INSTRUCTIONS FOR THE TASK
Transcribe word for word the section of the records below that opens with the line containing "HU 37164 ламинированная" and closes with the line containing "رغم تورّطها بصناعة"; drop every picture.

GIVEN DATA
* * * * *

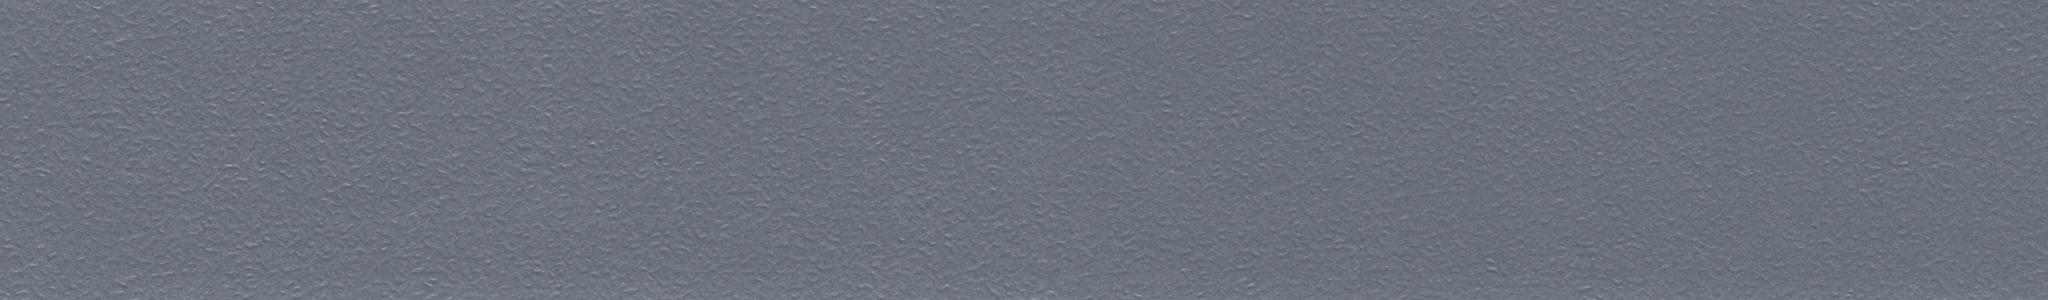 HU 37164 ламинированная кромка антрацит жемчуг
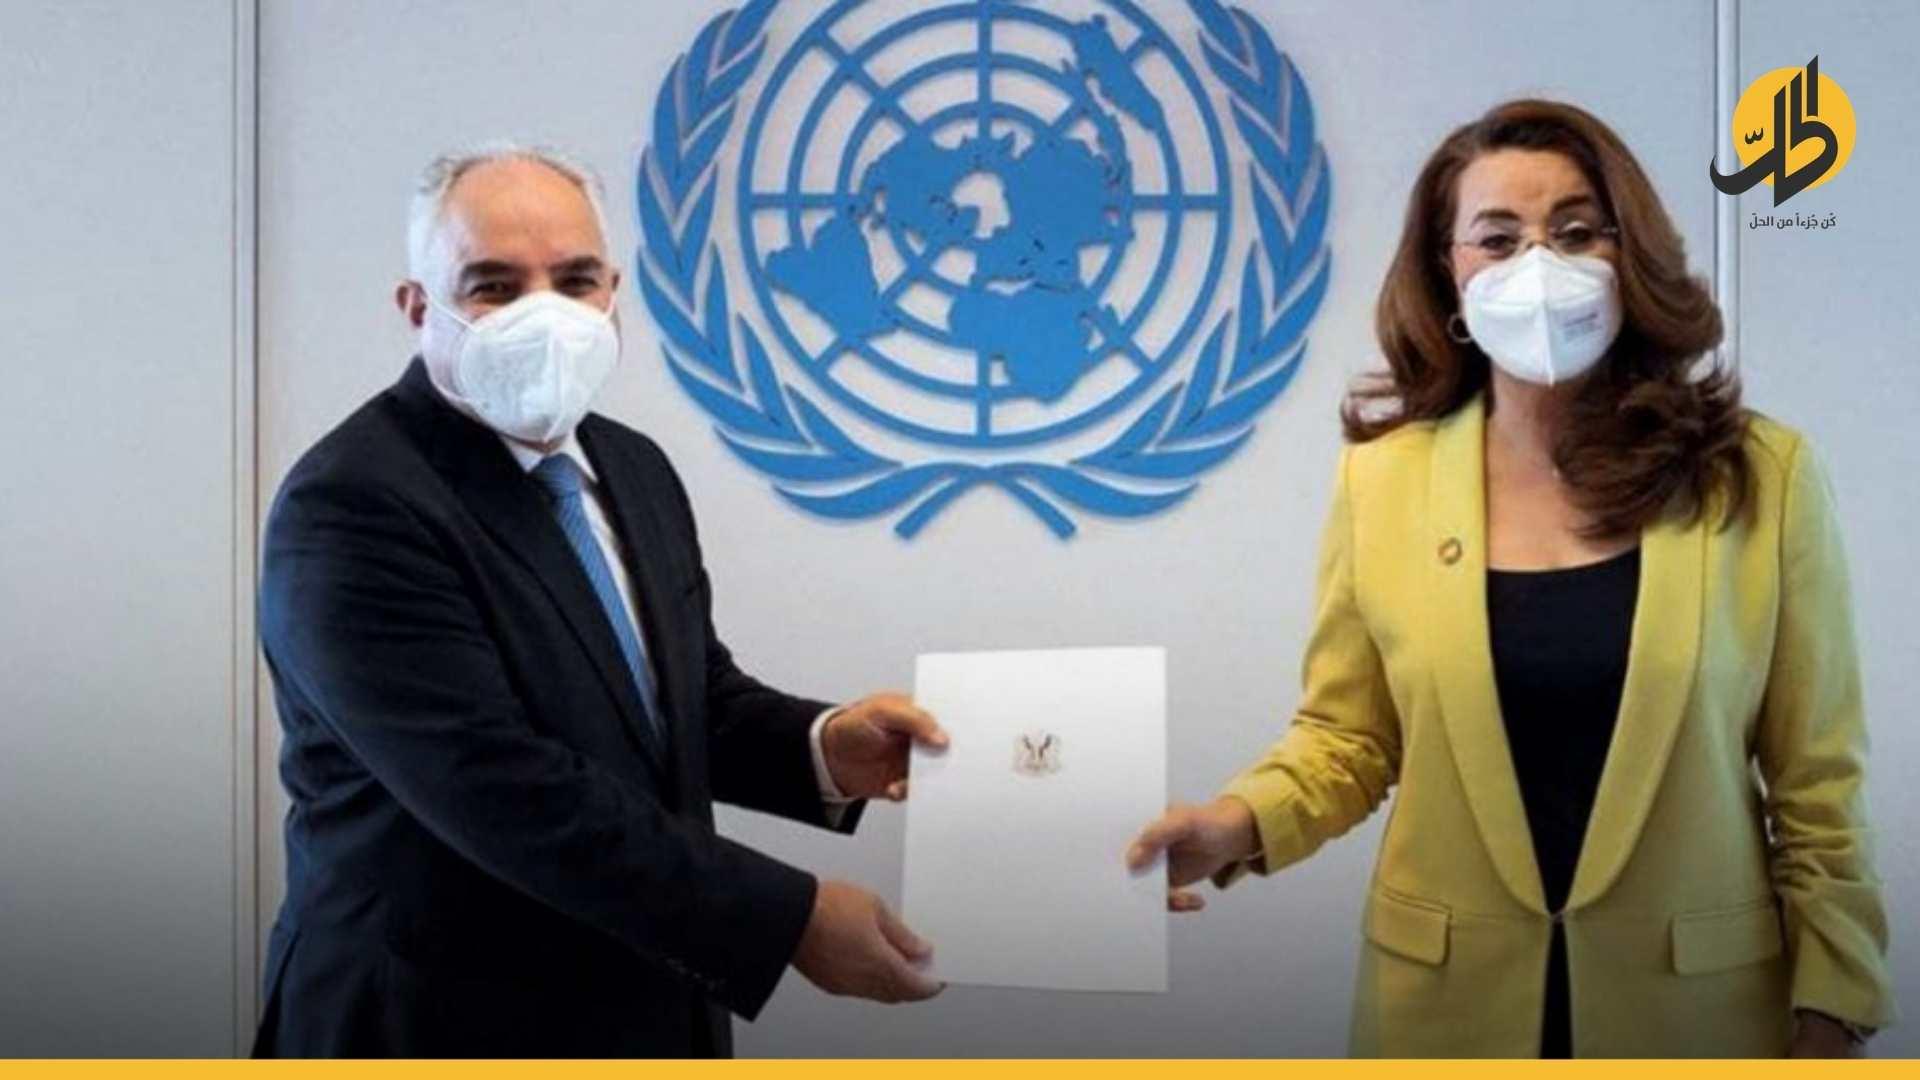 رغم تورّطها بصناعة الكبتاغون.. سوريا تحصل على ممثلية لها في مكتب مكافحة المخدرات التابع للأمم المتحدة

* * * * *

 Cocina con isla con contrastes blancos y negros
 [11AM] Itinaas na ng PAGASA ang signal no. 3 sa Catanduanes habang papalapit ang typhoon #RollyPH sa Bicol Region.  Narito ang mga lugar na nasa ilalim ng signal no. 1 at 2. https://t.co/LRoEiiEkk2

* * * * *

ANSWER SECTION
 HU 37164 ламинированная кромка антрацит жемчуг
 رغم تورّطها بصناعة الكبتاغون.. سوريا تحصل على ممثلية لها في مكتب مكافحة المخدرات التابع للأمم المتحدة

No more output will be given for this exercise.